> Records for processing
Segment Open

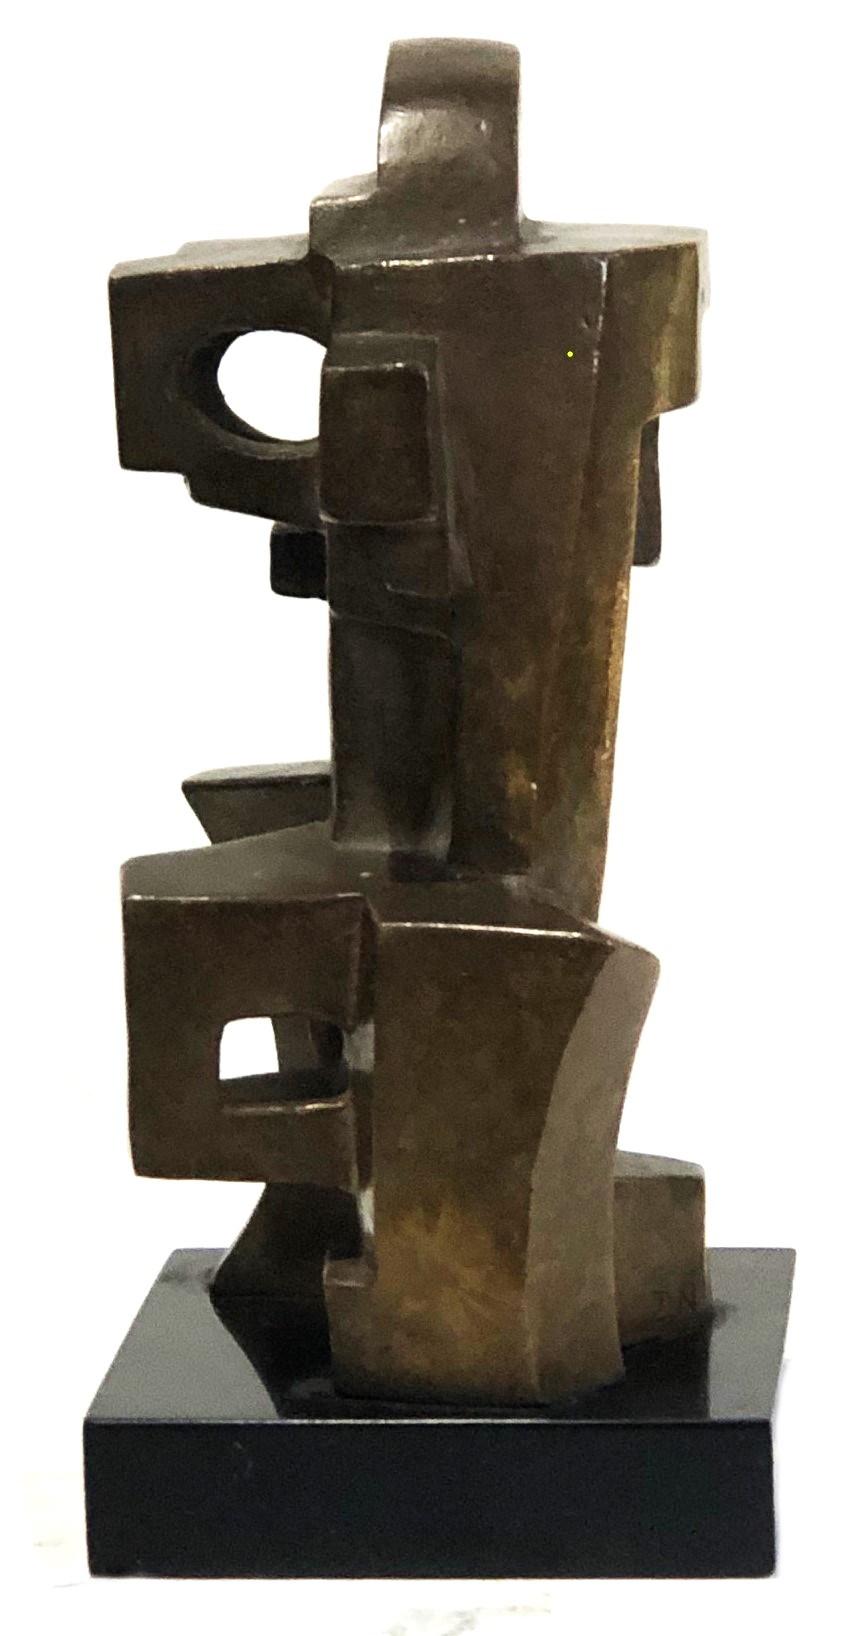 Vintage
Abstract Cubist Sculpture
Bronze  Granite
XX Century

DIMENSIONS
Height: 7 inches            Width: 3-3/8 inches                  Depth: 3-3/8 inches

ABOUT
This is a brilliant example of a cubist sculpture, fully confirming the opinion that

Segment Closed

> Description of the task
What is needed is an exact copy of the entries above, with no images in it.

> Solution to the problem
 Vintage
Abstract Cubist Sculpture
Bronze  Granite
XX Century

DIMENSIONS
Height: 7 inches            Width: 3-3/8 inches                  Depth: 3-3/8 inches

ABOUT
This is a brilliant example of a cubist sculpture, fully confirming the opinion that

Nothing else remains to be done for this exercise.